Гармоника смолкла. Вся дворня собралась кучкой, и посыпались рассказы страшные, возмутительные, какие и во сне не грезились Вере.

- Но ведь то был дедушка, а папа с мамой добрые!

Вера не кричит теперь; она говорит тихо, сквозь слезы, пристыженным голосом.

- Да, молодые господа ничего себе, добрые! - как бы нехотя соглашаются несколько человек.

- Это теперь наш барин присмирел, а как холостым был, и он таки порядком над нами, девками, надругался, - злобно замечает старая подпившая ключница.»13

Агрессивный настрой к помещикам со стороны крестьян не способствовал адекватному восприятию документов.

В контексте рассматриваемого вопроса весьма важны наблюдения настроений, царящих в дворянских поместьях накануне зачитывания Манифеста 19 февраля 1861 г., авторы воспоминаний показывают довольно сложную политру настроений, ожиданий, разочарований и страха у помещиков, членов их семей, управляющих. В частности, сельский священник А.И. Розанов, подписывавшийся псевдонимом «Сельский священник», будучи свидетелем толкования Манифеста в различных дворянских имениях Поволжья, отмечает: «Из села Б. мы поехали в большую слободу С., имения князя Г. Сам князь жил постоянно в Петербурге, а имением его управлял немец Кан.

До чтения Манифеста мы заехали к нему. Он был бледен, лицо осунулось, трясся как в лихорадке, бессмысленно метался во все стороны, останавливаясь на полуслове, несколько раз отзывал исправника и все что-то толковал с ним. Он подсмеивался и успокаивал его. К Кан.у, также, как и к И. И-ну Б. в селе С., собралось много военных - бу-тырцев. На огромной церковной площади собралось множество народу, а в стороне стояло сотни три солдат с ружьями. Исправник спросил одного из военных, что постарше: зачем тут собрали солдат и с ружьями?

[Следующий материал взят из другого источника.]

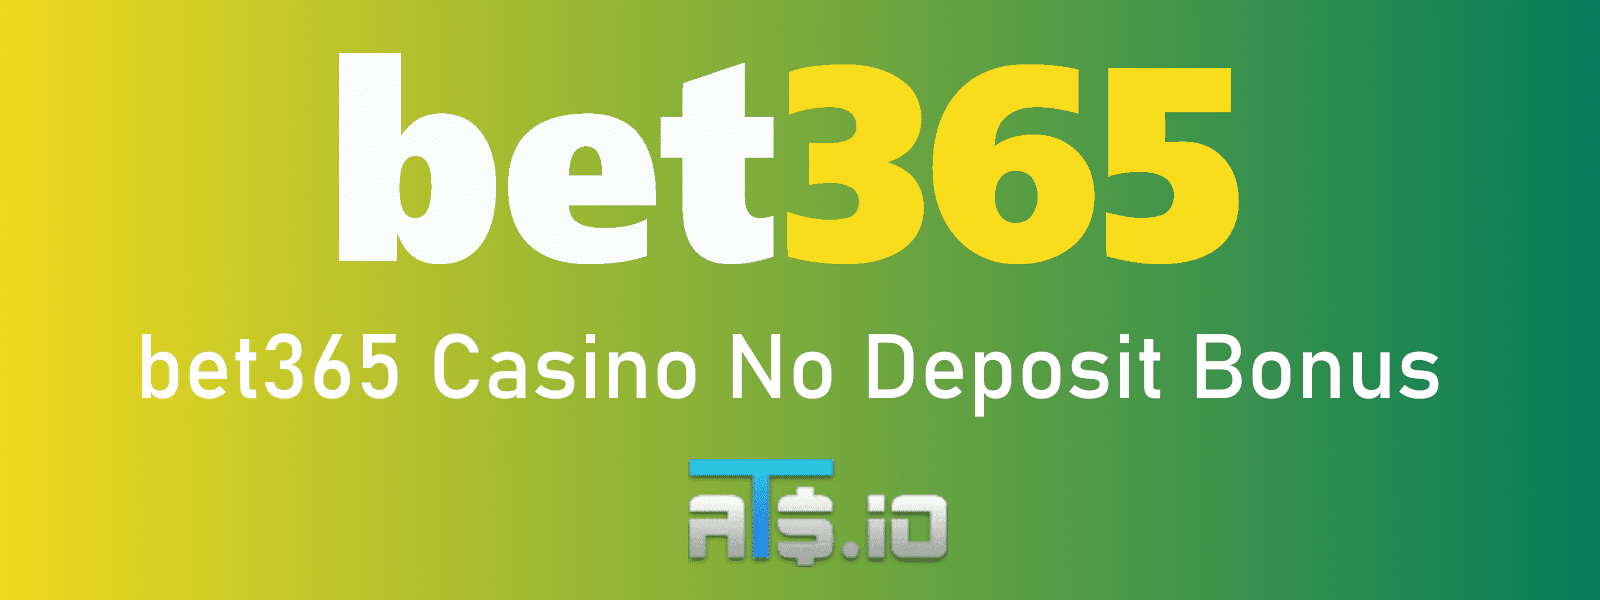 bet365 casino no deposit bonus

- А вот извольте видеть: немец думает, что его вот-вот сейчас убьют, как только объявят волю. Чем свет прислал за мной и, чуть не плачет просит, чтобы я оцепил солдатами его дом».14

12 Нартова-Бочавер С. Психология личности и межличностных отношений. М., 2001. С.285.

13 Ковалевская С.В. Воспоминания детства. Нигилистка. М., 1960. С.153-154.

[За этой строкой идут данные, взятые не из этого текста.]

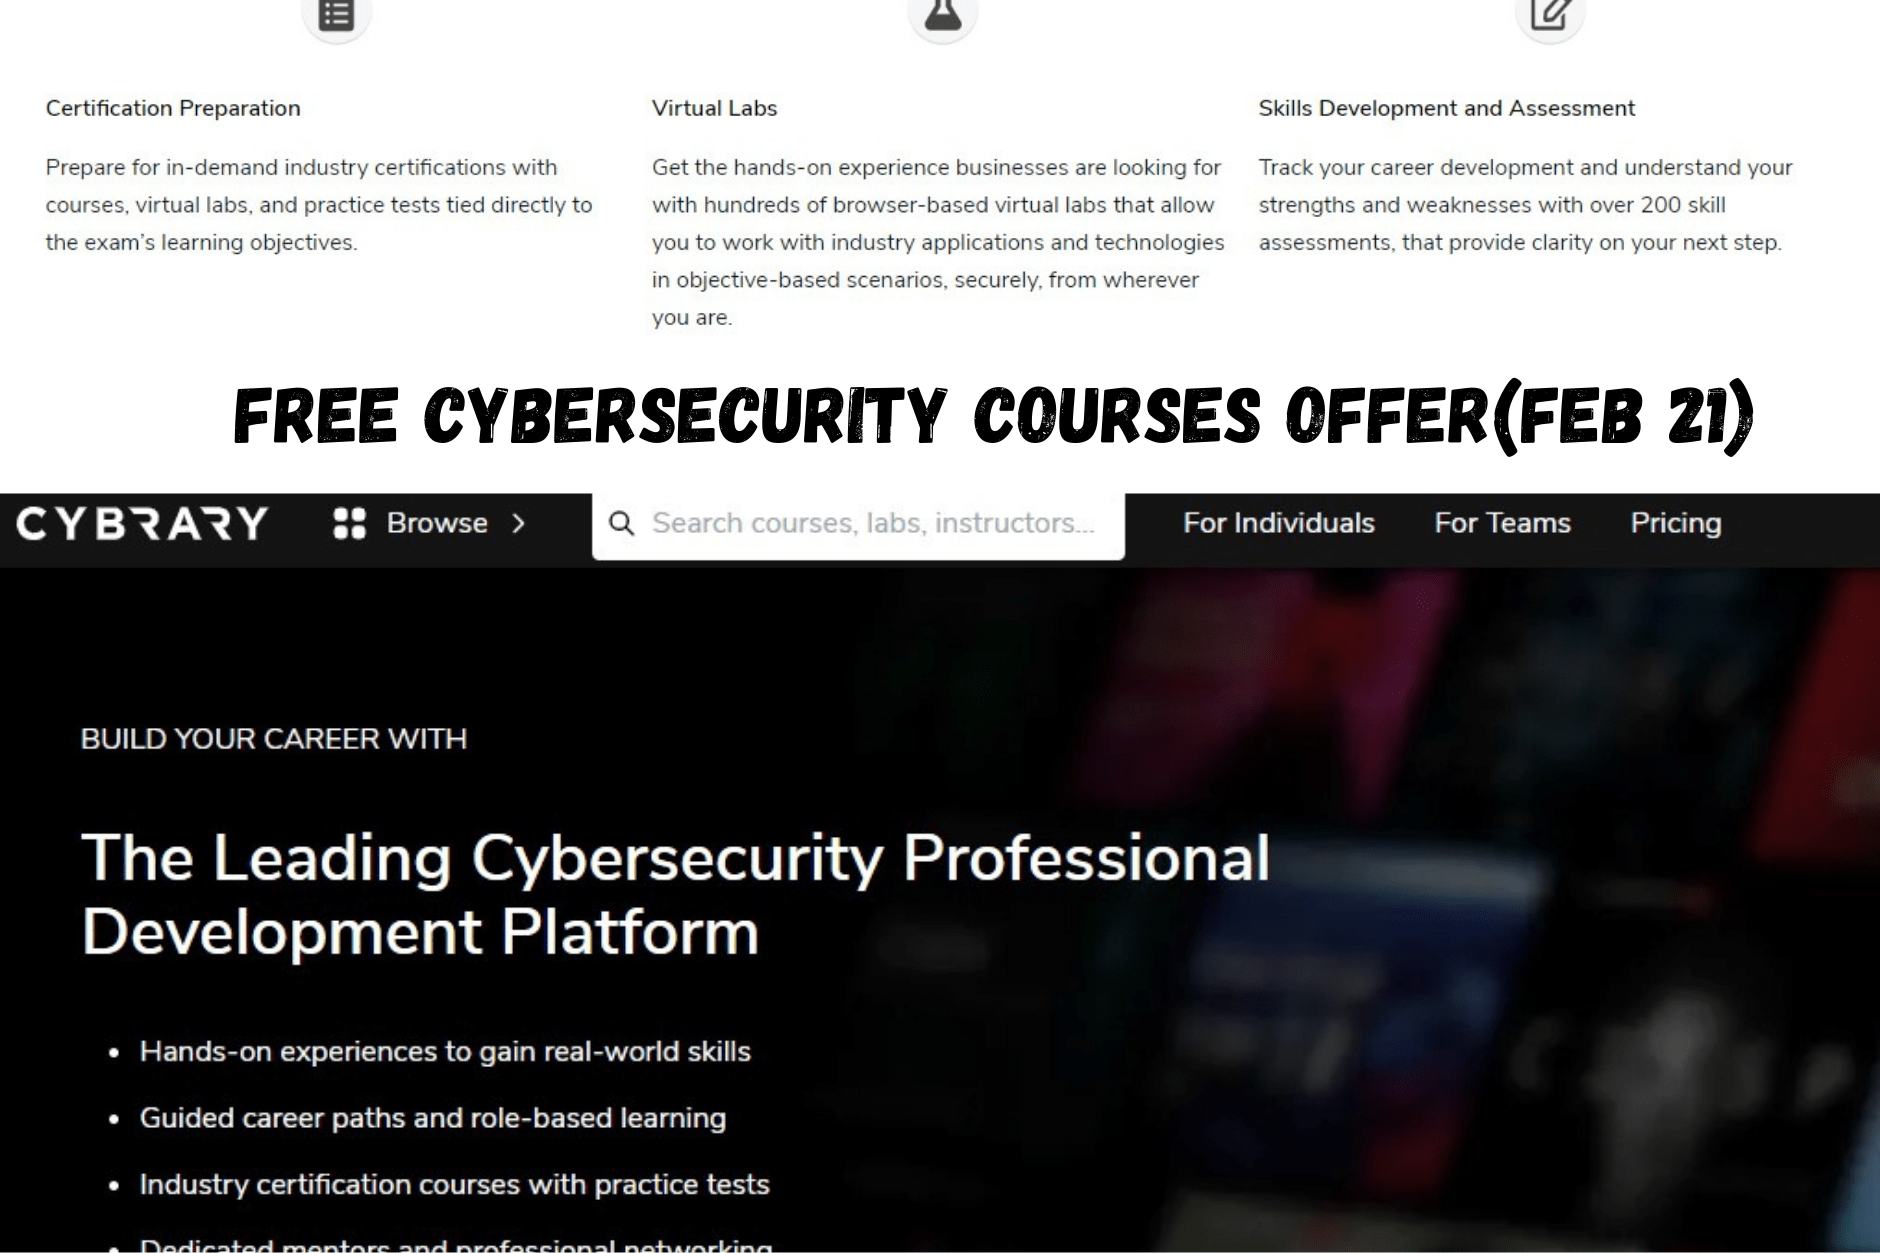 Free Cybersecurity courses offer(Feb 21) CyberRubik

14 Сельский священник. Записки сельского священника / / Русская старина. 1880. Т. 27. С. 455-456.

Смоленский помещик Р.В. Пасевьев вспоминает свой разговор с тётей об отмене крепостного права: «Ни «тётенька», ни сестра не имели никакого представления о том, что совершилось.

«Тётенька» отнеслась к сообщенной мною новости с большим волнением и с оттенком некоторого недоброжелательства.

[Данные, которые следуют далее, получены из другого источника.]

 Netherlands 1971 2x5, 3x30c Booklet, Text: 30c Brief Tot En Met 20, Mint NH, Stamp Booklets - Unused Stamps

-Давно об этом поговаривали, но никто не верил, что допустят до этого. А теперь вдруг сделали. Ничего хорошего от этого ждать нельзя. Какие же они «вольные»?... Теперь они Бог знает что о себе возмечтают. Какой-нибудь Лаврушка (повар) или Парашка (горничная «тётеньки») захотят на голову садится своим природным господам; а с мужиками и подавно ничего не сообразишь. От таких ваших (непонятно, почему сказано было «ваших») новых порядков - из деревни, из жалованного, родового поместья - бежать надо. Пожалуйста, ты пока держи от них в секрете это».15

Среди определенной части помещиков и представителей вотчинной администрации само отношение к объявлению Манифеста 19 февраля 1861 г. вызывало панический страх, резкое неприятие данного акта, желание скрыть его от крестьян. Здесь примечательным является высказывание «тётеньки»: «Давно об этом поговаривали, но никто не верил, что допустят до этого». То есть, у части поместных дворян теплилась надежда, что отмена крепостного права дальше разговоров не продвинется. Обнародование же Манифеста 19 февраля 1861 г. все эти надежды развеело.

Что же больше всего пугало поместных дворян и бывших помещичьих крестьян в содержании и духе самого Манифеста? Английский исследователь Питер Готрелл справедливо заметил, в рассматриваемом контексте, в отношении помещиков: «С точки зрения помещика, требовалось, чтобы перевод крестьян из крепостных крестьян в свободные осуществлялся без ущерба для дохода их бывшего владельца и для производственного потенциала поместья. Помещик столкнулся с необходимостью восполнить потерю сельскохозяйственного инвентаря и рабочего скота, которые прежде предоставлял крестьянин, обрабатывающий помещичьи земли. Однако главной целью помещика являлось сохранение дохода».16 Для помещика сокращение доходов означало отказ от привычного образа жизни, устоявшейся годами повседневности, которая не предусматривала серьезных усилий для поддержания хозяйства на плаву. Манифест 19 февраля 1861 г. становился тем рубежом, с которого эта приятная, размеренная повседневность уходила в прошлое. Все стереотипы восприятия окружающей действительности принимали другие краски и оттенки.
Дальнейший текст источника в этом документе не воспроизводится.